## [What you need to do]
Produce word for word the lines of the data below running from the one that has "Materials: Solid wood, elastic" to the one that has "The strong presence of textile in", inclusive, and no others.

## [Data shown]

###

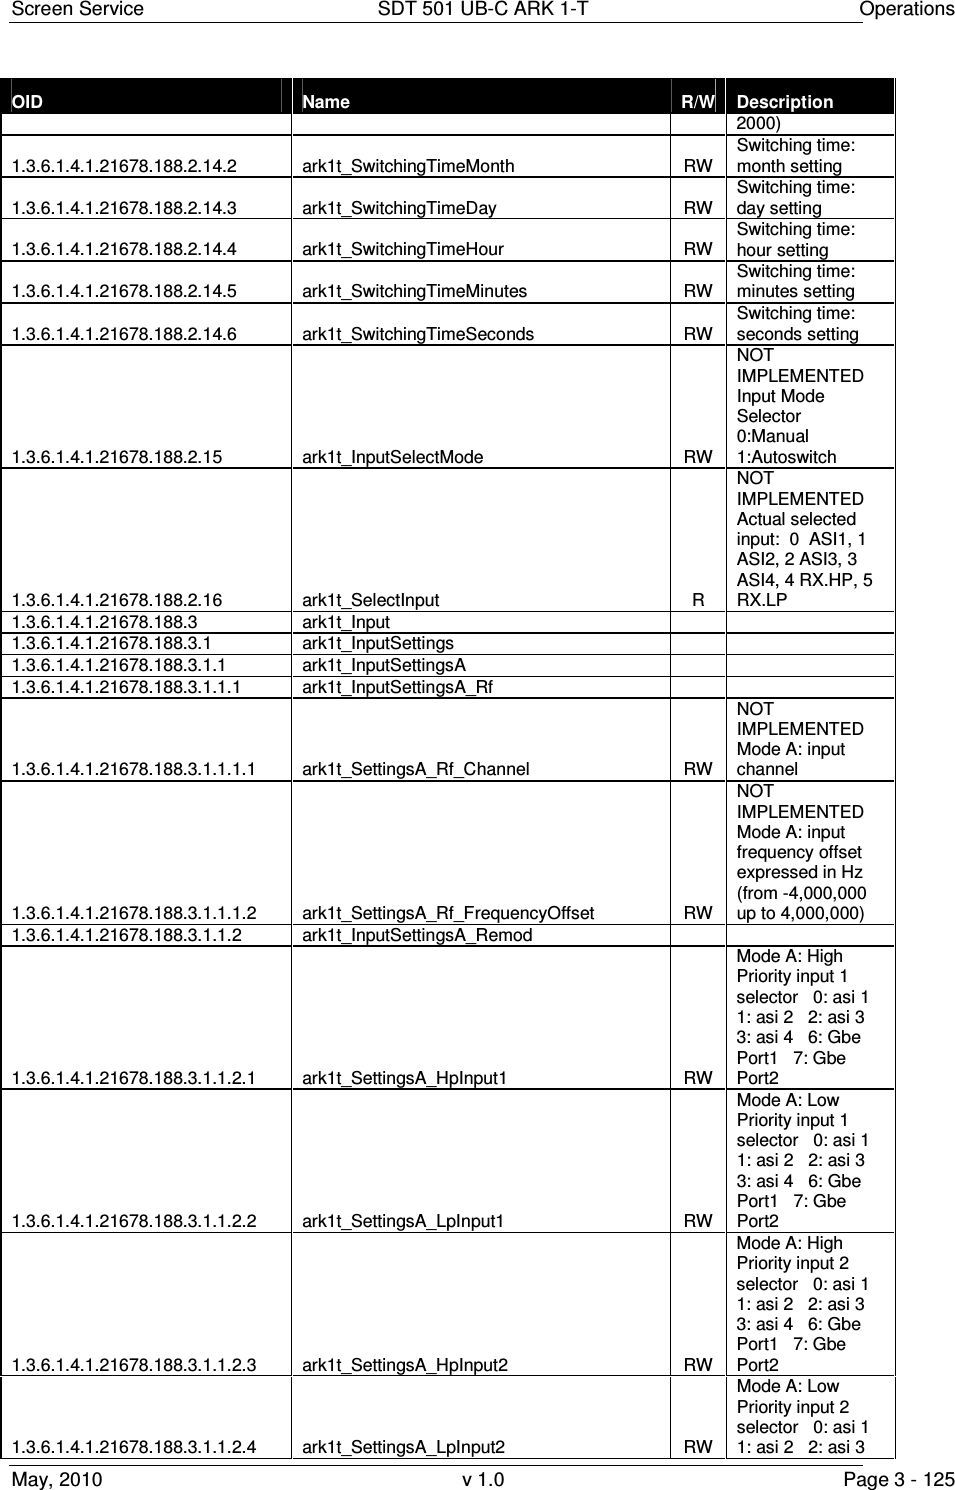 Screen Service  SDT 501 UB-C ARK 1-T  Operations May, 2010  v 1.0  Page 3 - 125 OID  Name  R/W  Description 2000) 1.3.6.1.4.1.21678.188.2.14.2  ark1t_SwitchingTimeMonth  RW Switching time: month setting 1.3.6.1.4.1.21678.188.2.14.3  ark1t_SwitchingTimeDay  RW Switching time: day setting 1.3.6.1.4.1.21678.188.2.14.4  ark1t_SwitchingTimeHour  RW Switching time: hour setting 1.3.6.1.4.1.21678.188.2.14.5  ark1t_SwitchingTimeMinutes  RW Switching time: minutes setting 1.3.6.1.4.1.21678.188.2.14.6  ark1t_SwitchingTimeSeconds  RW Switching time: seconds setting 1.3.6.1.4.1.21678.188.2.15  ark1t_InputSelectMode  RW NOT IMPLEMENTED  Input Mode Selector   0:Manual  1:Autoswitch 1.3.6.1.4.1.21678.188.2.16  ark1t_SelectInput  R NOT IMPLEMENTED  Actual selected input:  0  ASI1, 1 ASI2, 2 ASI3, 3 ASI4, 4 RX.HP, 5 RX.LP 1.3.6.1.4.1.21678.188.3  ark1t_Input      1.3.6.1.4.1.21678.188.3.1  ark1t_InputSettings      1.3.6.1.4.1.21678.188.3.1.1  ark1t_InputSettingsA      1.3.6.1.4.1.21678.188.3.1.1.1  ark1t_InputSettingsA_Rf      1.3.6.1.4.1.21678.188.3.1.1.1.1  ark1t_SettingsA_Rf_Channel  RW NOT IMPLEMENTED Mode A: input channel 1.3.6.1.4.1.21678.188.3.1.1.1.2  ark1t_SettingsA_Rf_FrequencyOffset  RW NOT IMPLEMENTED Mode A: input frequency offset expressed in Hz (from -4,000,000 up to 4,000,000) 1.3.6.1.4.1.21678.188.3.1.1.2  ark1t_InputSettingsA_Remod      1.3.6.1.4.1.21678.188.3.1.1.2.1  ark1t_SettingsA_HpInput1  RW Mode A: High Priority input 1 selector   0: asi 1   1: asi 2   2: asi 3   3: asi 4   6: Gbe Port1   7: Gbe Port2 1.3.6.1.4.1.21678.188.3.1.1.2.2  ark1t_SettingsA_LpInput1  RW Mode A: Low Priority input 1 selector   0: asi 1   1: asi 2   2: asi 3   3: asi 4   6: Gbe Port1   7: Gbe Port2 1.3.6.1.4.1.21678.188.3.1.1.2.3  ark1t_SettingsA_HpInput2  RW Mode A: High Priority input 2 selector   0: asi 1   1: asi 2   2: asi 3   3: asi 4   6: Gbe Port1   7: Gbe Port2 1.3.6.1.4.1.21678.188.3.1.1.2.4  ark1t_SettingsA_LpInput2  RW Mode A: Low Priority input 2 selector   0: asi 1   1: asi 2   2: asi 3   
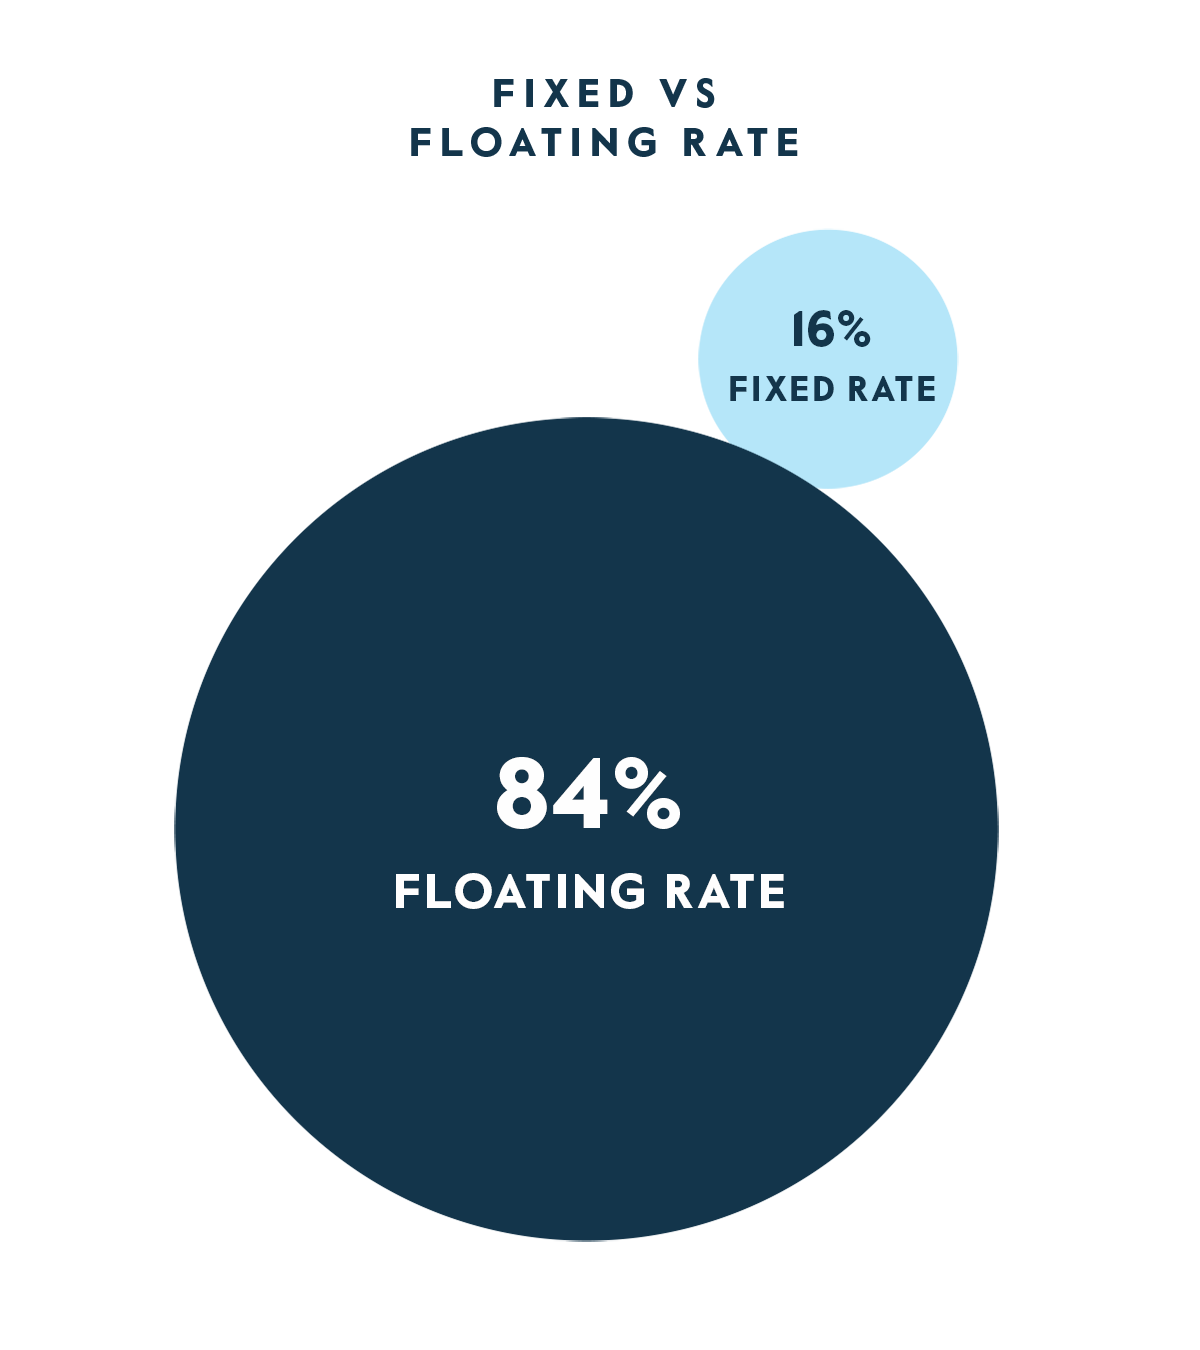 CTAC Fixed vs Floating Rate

###

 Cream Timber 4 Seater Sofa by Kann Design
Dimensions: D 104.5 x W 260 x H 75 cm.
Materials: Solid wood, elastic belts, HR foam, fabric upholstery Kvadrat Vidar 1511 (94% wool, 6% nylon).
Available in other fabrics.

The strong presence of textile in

###

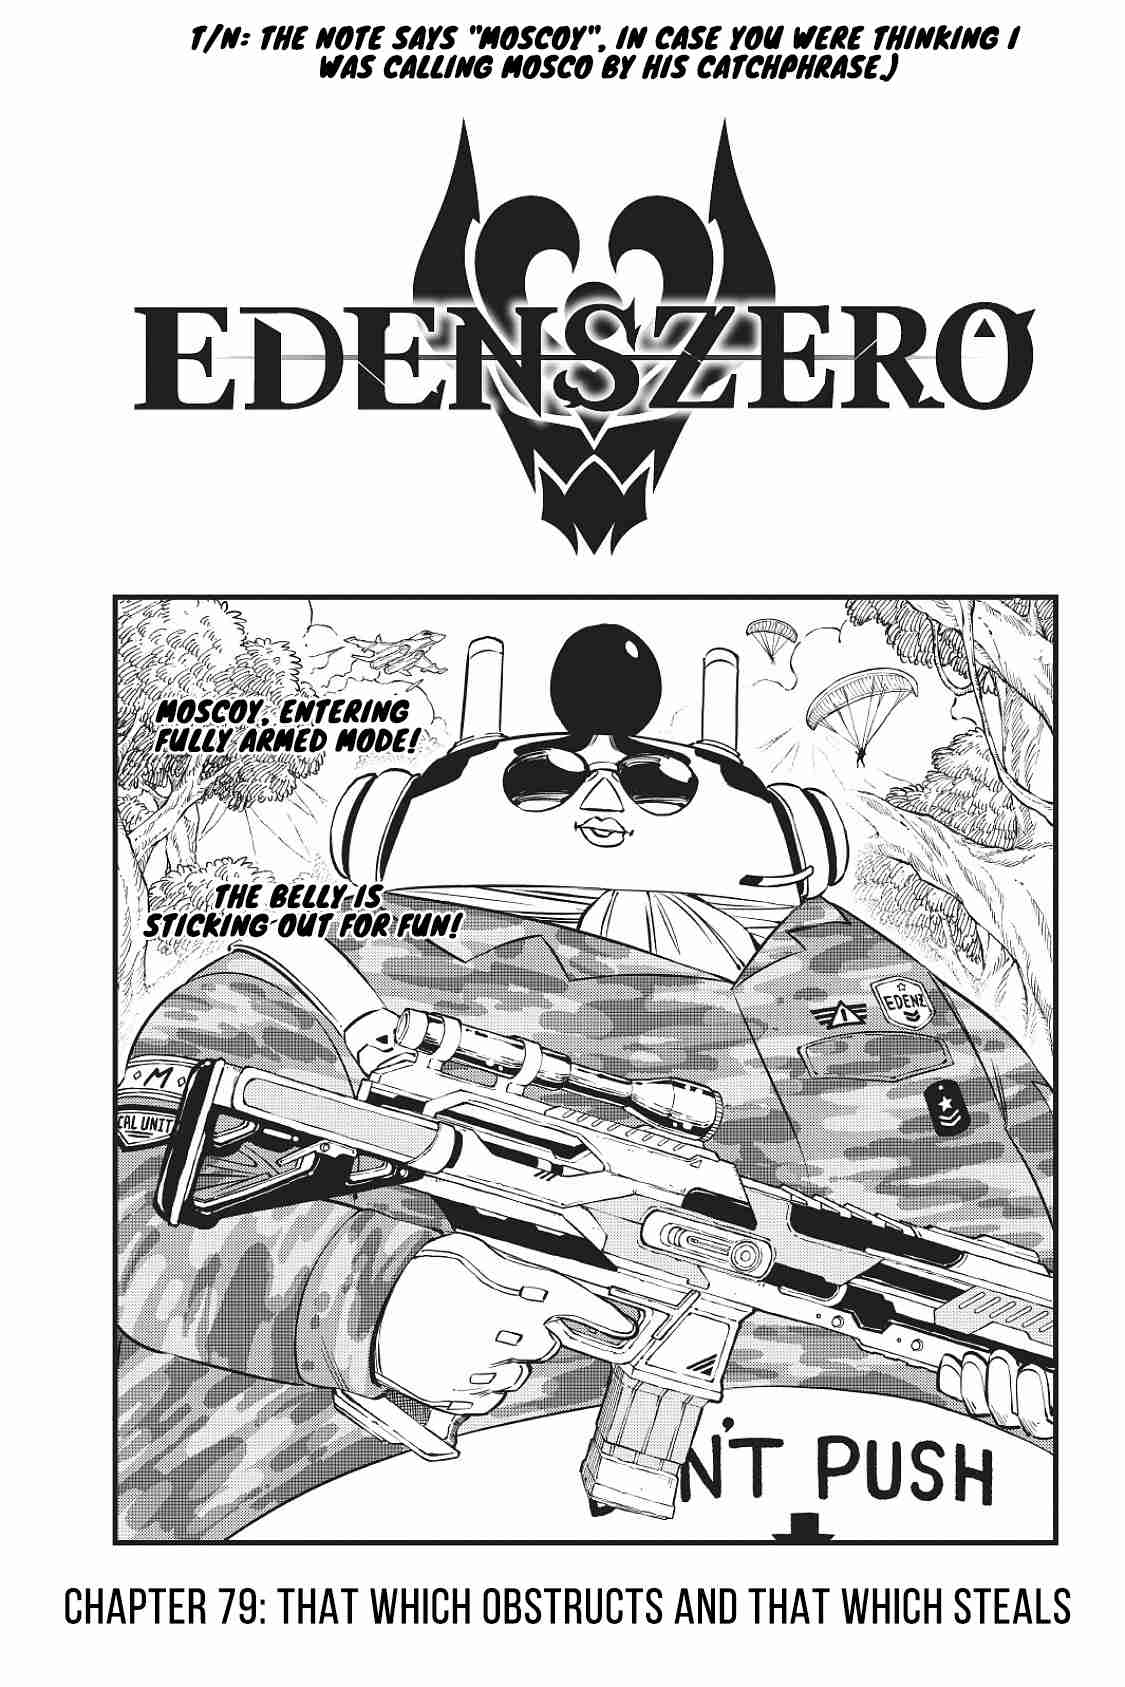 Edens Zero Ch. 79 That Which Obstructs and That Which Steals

###

## [Answer box]
Materials: Solid wood, elastic belts, HR foam, fabric upholstery Kvadrat Vidar 1511 (94% wool, 6% nylon).
Available in other fabrics.

The strong presence of textile in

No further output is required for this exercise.